The town fathers became concerned when the owner/bartender, Bob Goldswaith, told them about Zeke’s recent drinking habit during a town meeting. It was decided that two of them would have a talk with old Zeke the next time he came to town.

They found Zeke the next night drinking at Bob Goldswaith’s bar. The old man was well into his cups when they greeted him.

Zeke…how are you doing old friend?” one man asked.

“Are you okay? I never saw you come to this bar in my life,” the second man asked, with a touch of concern in his voice.

Zeke looked at the two town fathers. He knew them well. They were among some of his best customers. “You boys will think I’m crazy if I tell you what’s happening,” he drunkenly replied.

“No! Not, at all!” they protested.

Zeke poured some whisky from the bottle in the middle of the table and invited them to pull up a chair.

“About four months ago some fella showed up at my still. Said he was looking for a safe place to stay in the woods. I said, safe from what? Myself, he said. Well, I can tell you right now, I thought that sounded odd.

“Said his name was Walt. No last name. I told him there were plenty of places to stay. I showed him a redwood that a natural hidey hole at the base. He thanked me and I went back to my still.

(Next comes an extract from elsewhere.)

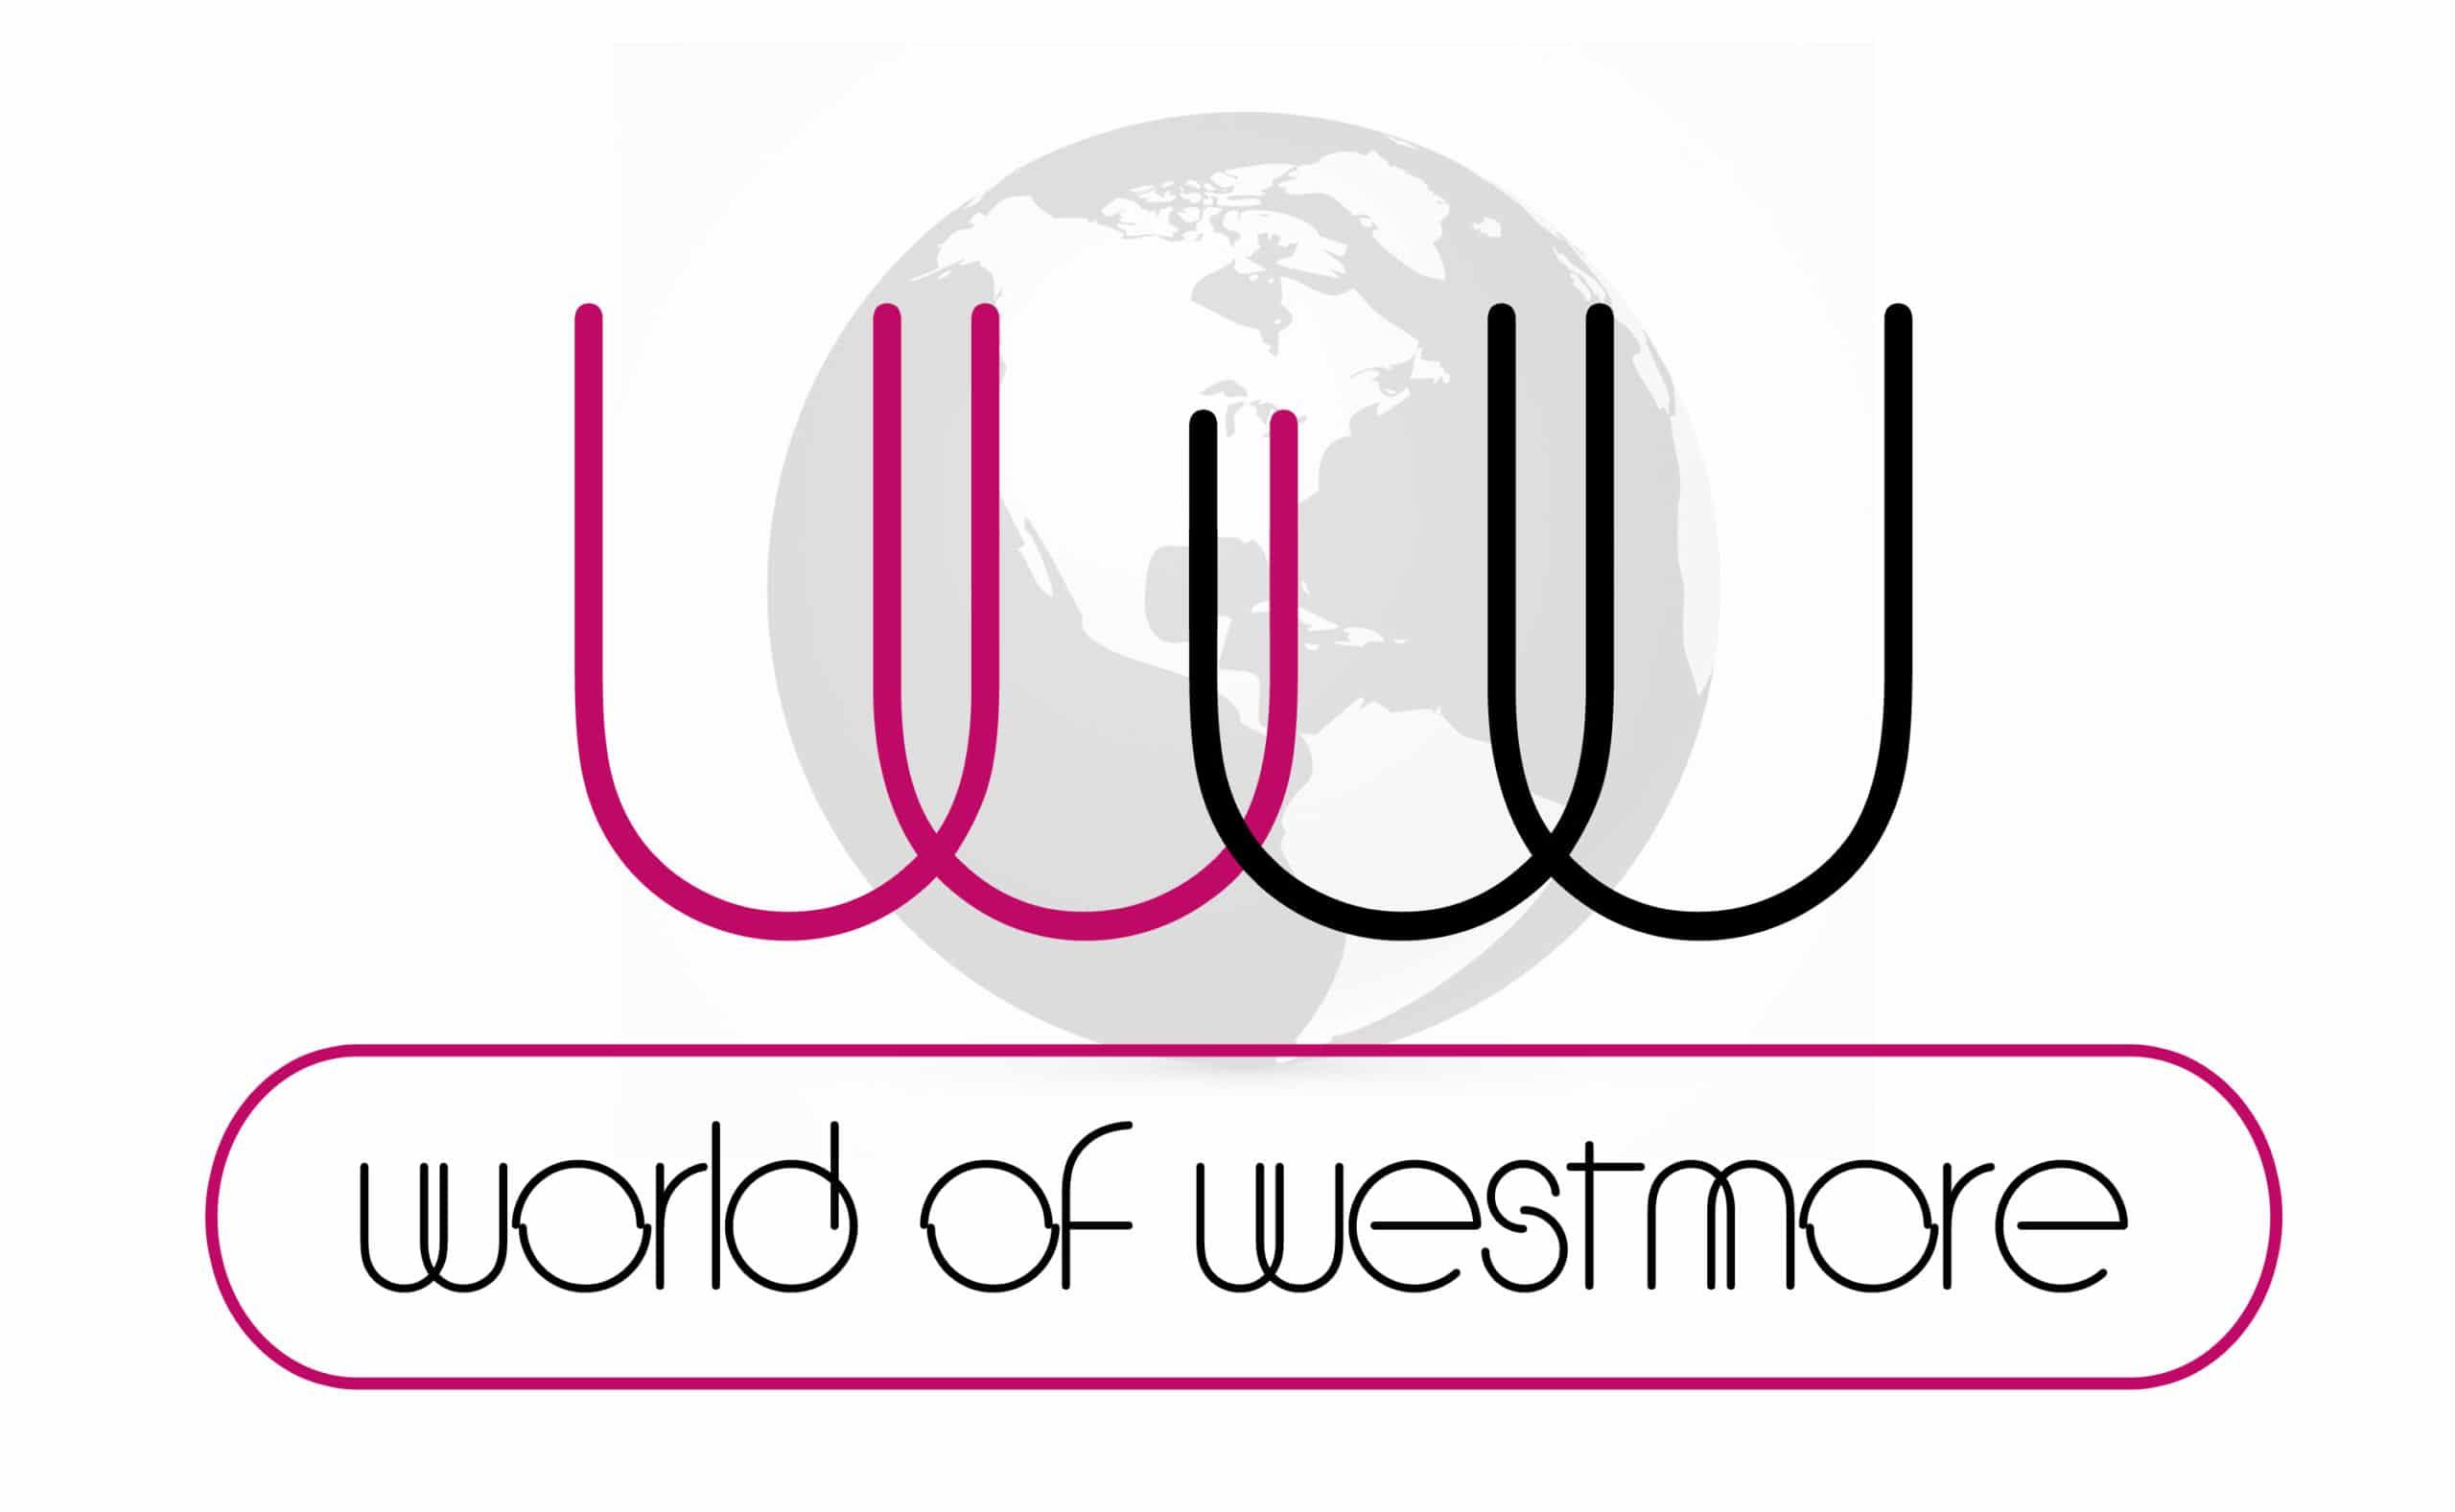 LOGO - WORLD OF WESTMORE

“The next day, I was sampling my latest batch of moonshine when Walt showed up. He asked if he could have a snort and I handed him a cup. Then another. Pretty soon he was getting lit up and telling me stories about his life.

“I was getting tired when the moon came out and Walt jumped to his feet and howled like a wolf! For a brief moment I thought that was the damnist reaction I’d ever seen from my Hooch!

“When he started getting hairy and dropped to all fours, I got up and ran like a buck chasing a doe in heat! 

“Ran all the way to my cabin and sat there in the dark shaking like a leaf.”

Both men had skepticism edged on their faces, but one still asked, “So, what happened next?” 

Zeke picked up the bottle and took a healthy swig.

“Nothing. Nothing else happened that night. About a month later Walt showed up as I was tending my still. We stared at each other a long time before he apologized for scaring me. Said he was a werewolf, but did his best not to kill folks, just animals.

“I wasn’t sure what to do, so I offered him a drink. He gladly accepted. We talked until the full moon came out and he ran off howling again.

“It wasn’t until the third time that I saw Walt, that I suspected he was killing people. By then it had become routine. He’d come by on full moons to swig my moonshine and murder my neighbors.

“So, I did the only thing I could, and destroyed my still and my whole stash of moonshine. It was apparent Walt could’nt hold his liquor and got murderous when he drank it. That was three weeks ago.

“The next full moon is coming up tomorrow night. Recon we’ll see if my plan worked out and Walt went back to catching animals instead of humans.”

As It Stands, what could be worse than a drunk werewolf?